Records supplied >>
━━━━━━━━━━━━━━━━━━━━

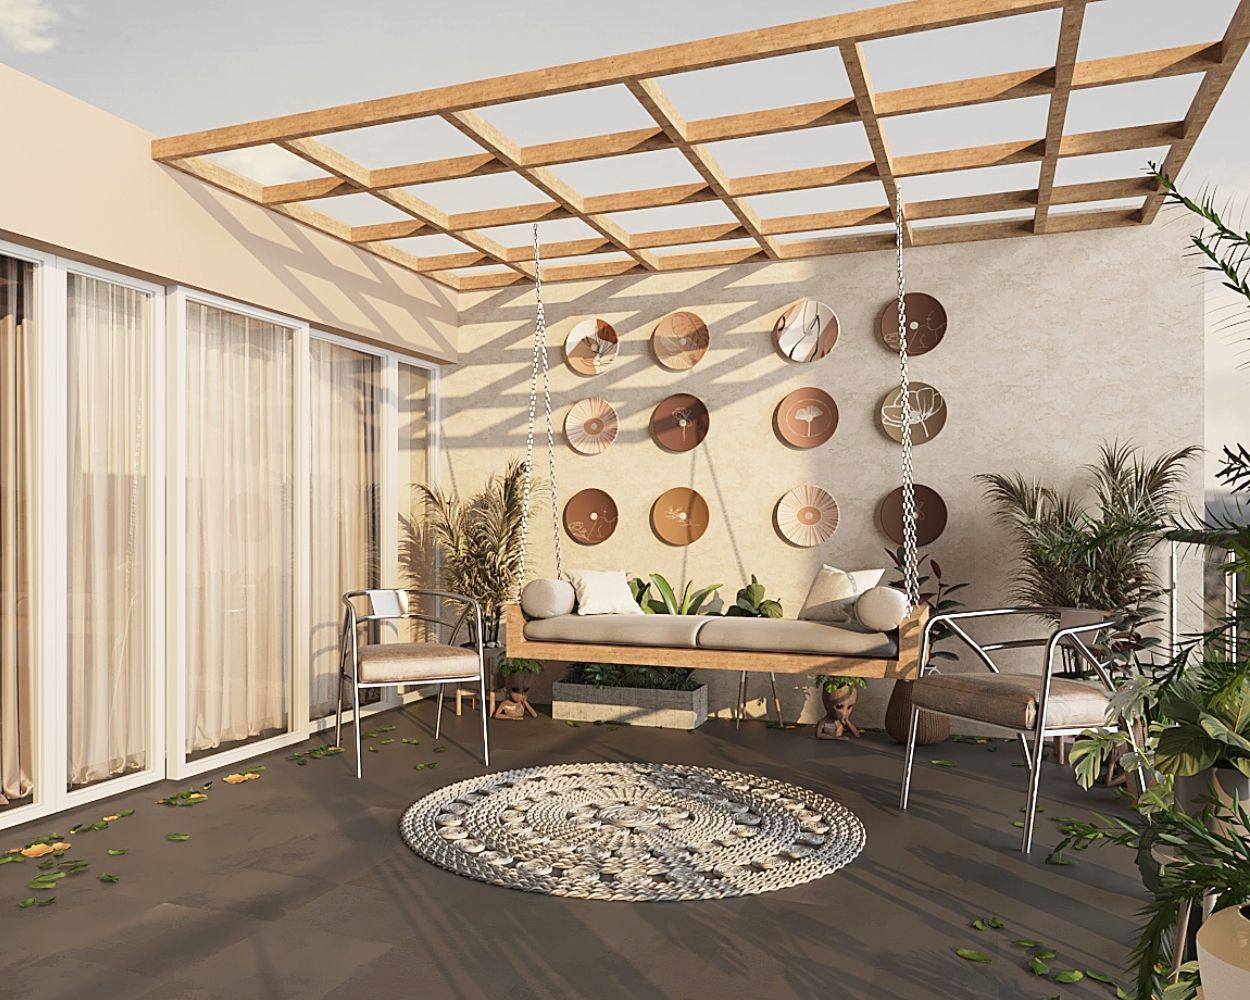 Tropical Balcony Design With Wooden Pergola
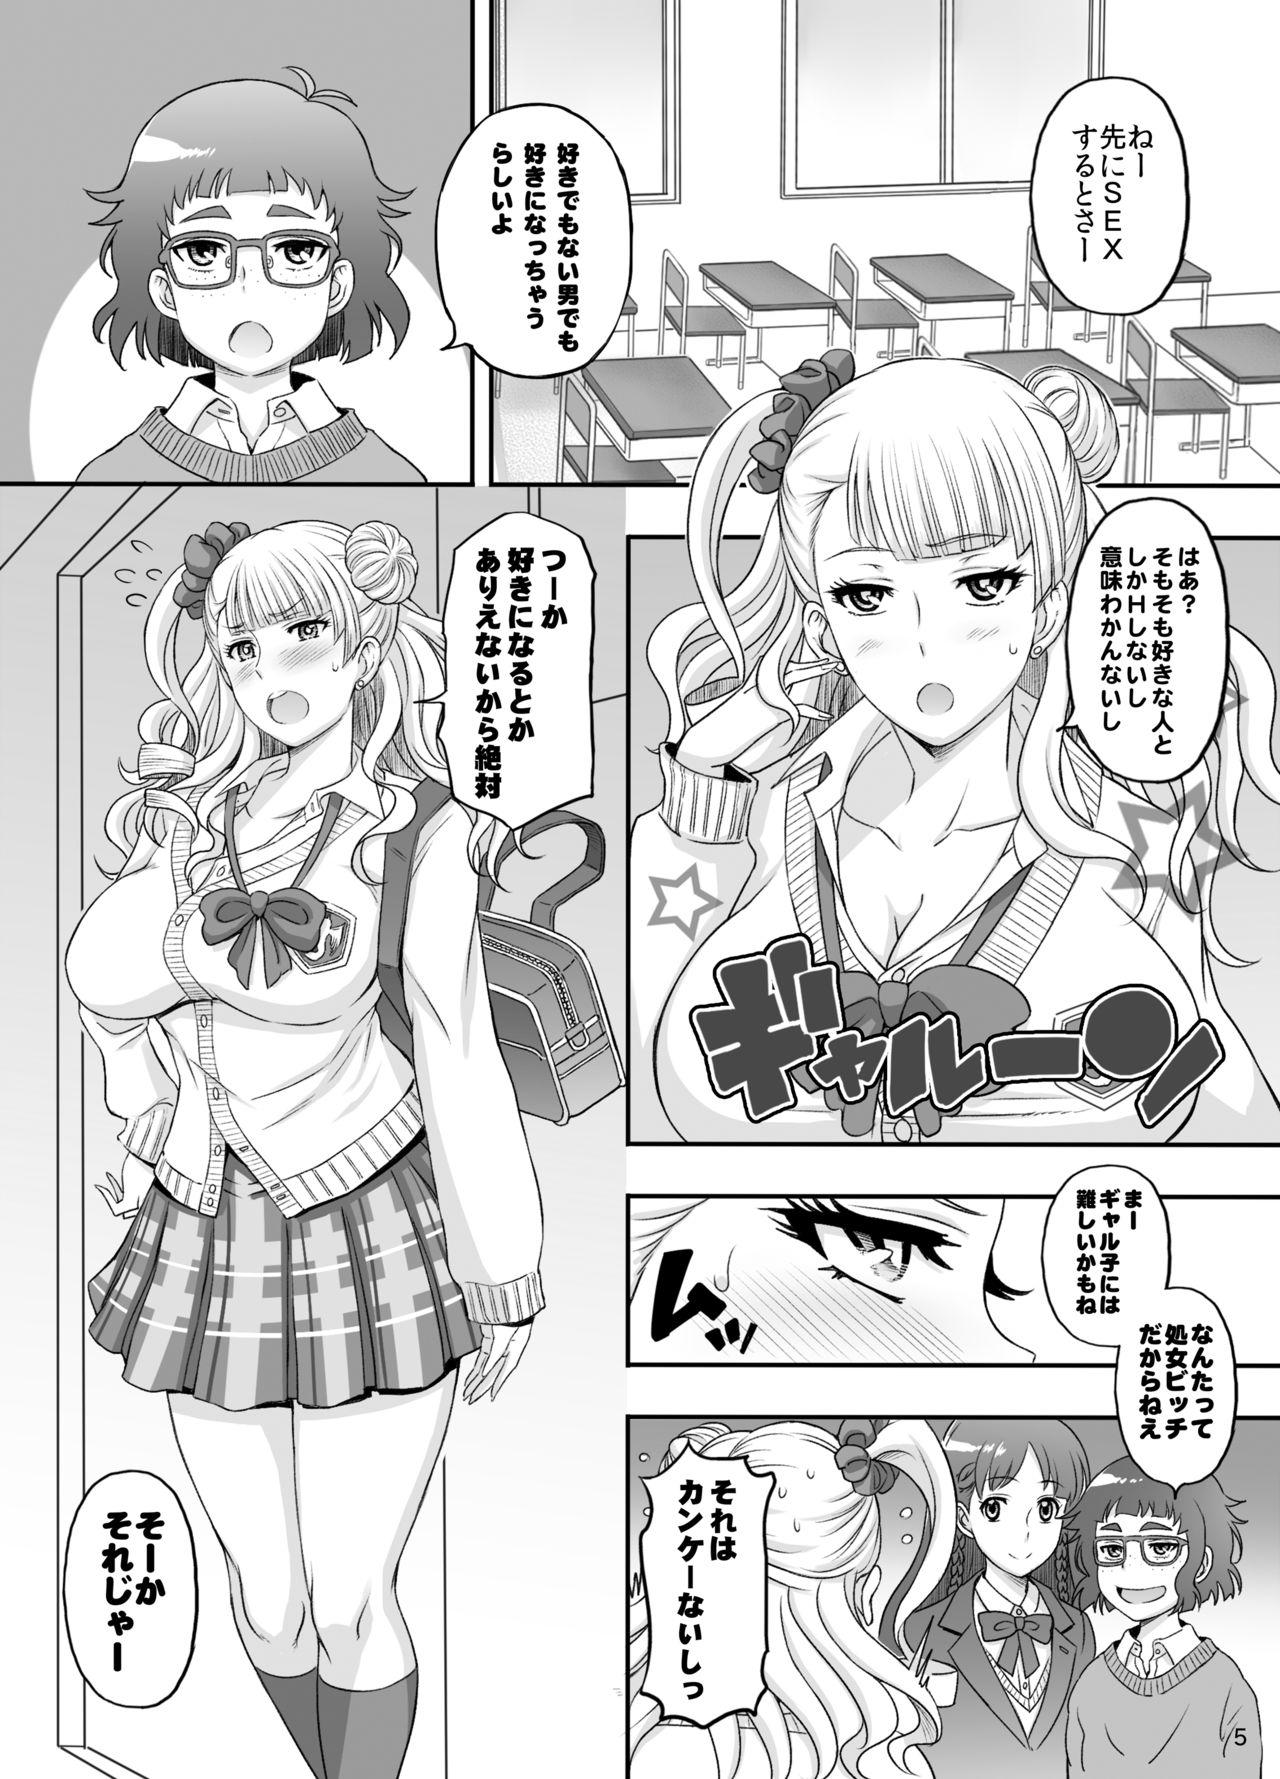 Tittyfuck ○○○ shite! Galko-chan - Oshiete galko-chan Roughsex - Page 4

━━━━━━━━━━━━━━━━━━━━

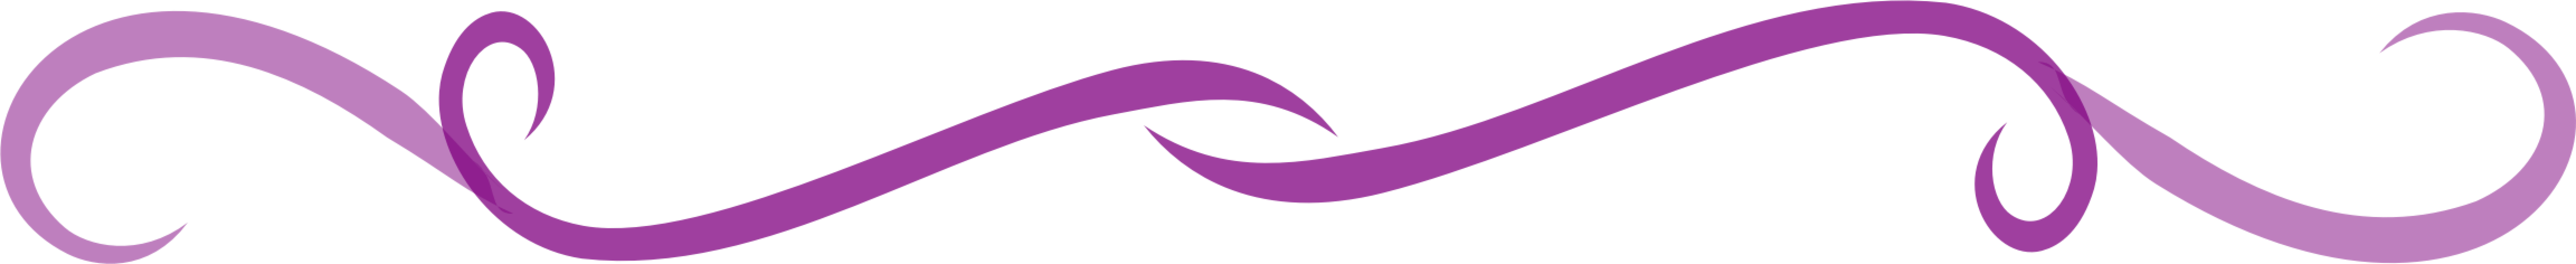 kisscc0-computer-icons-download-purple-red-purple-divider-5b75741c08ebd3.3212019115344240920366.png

━━━━━━━━━━━━━━━━━━━━

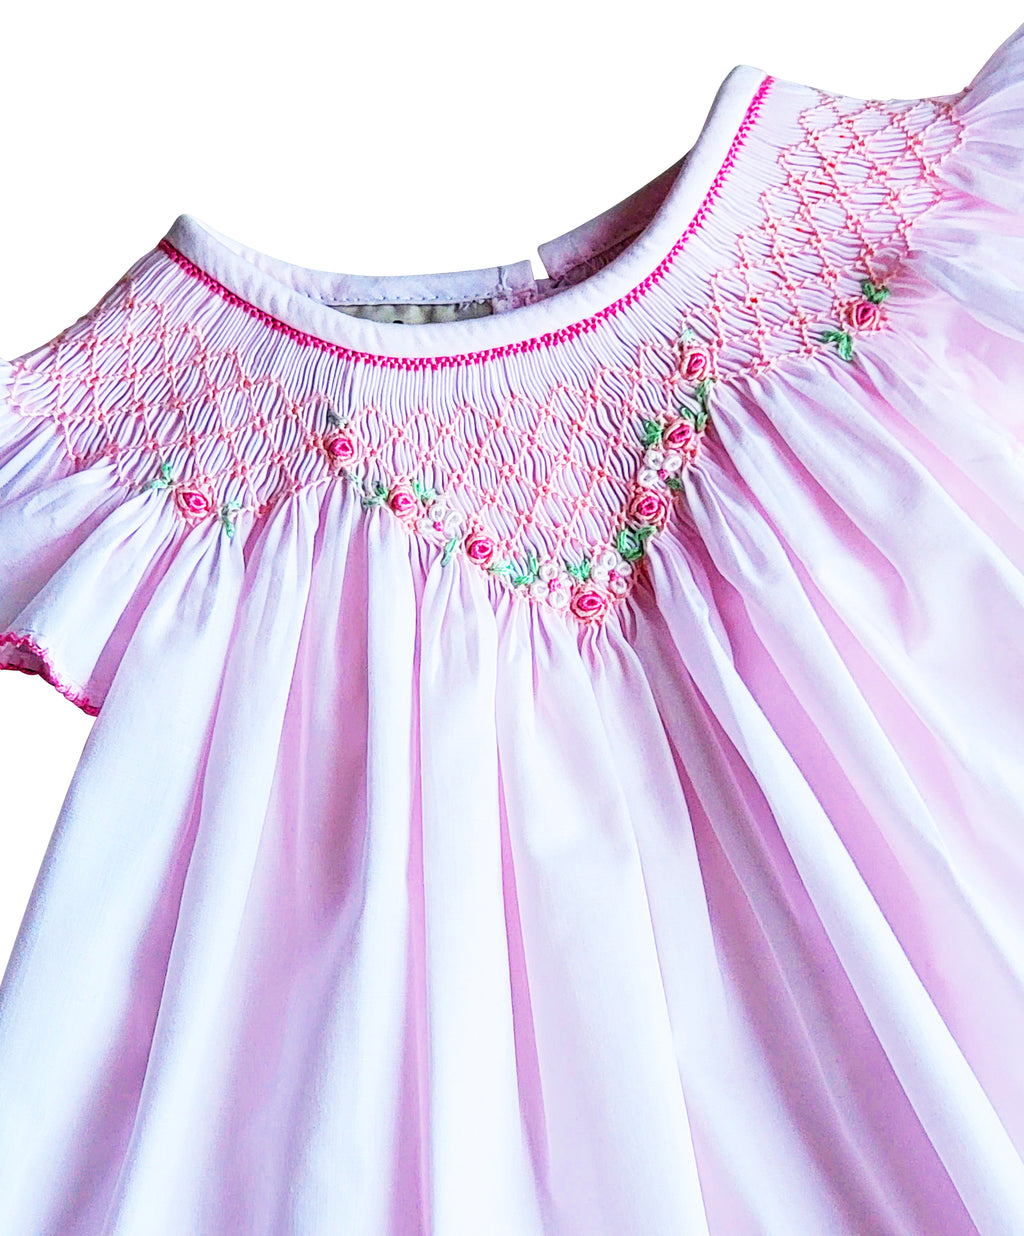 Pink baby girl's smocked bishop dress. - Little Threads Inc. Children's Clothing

━━━━━━━━━━━━━━━━━━━━

Your objective >> The copy should hold exactly the lines above from the one with "Tropical Balcony Design With Wooden Pergola" through the one with "Tittyfuck ○○○ shite!", both ends counted, and no pictures at all.

Exercise solution >>
 Tropical Balcony Design With Wooden Pergola
 Tittyfuck ○○○ shite! Galko-chan - Oshiete galko-chan Roughsex - Page 4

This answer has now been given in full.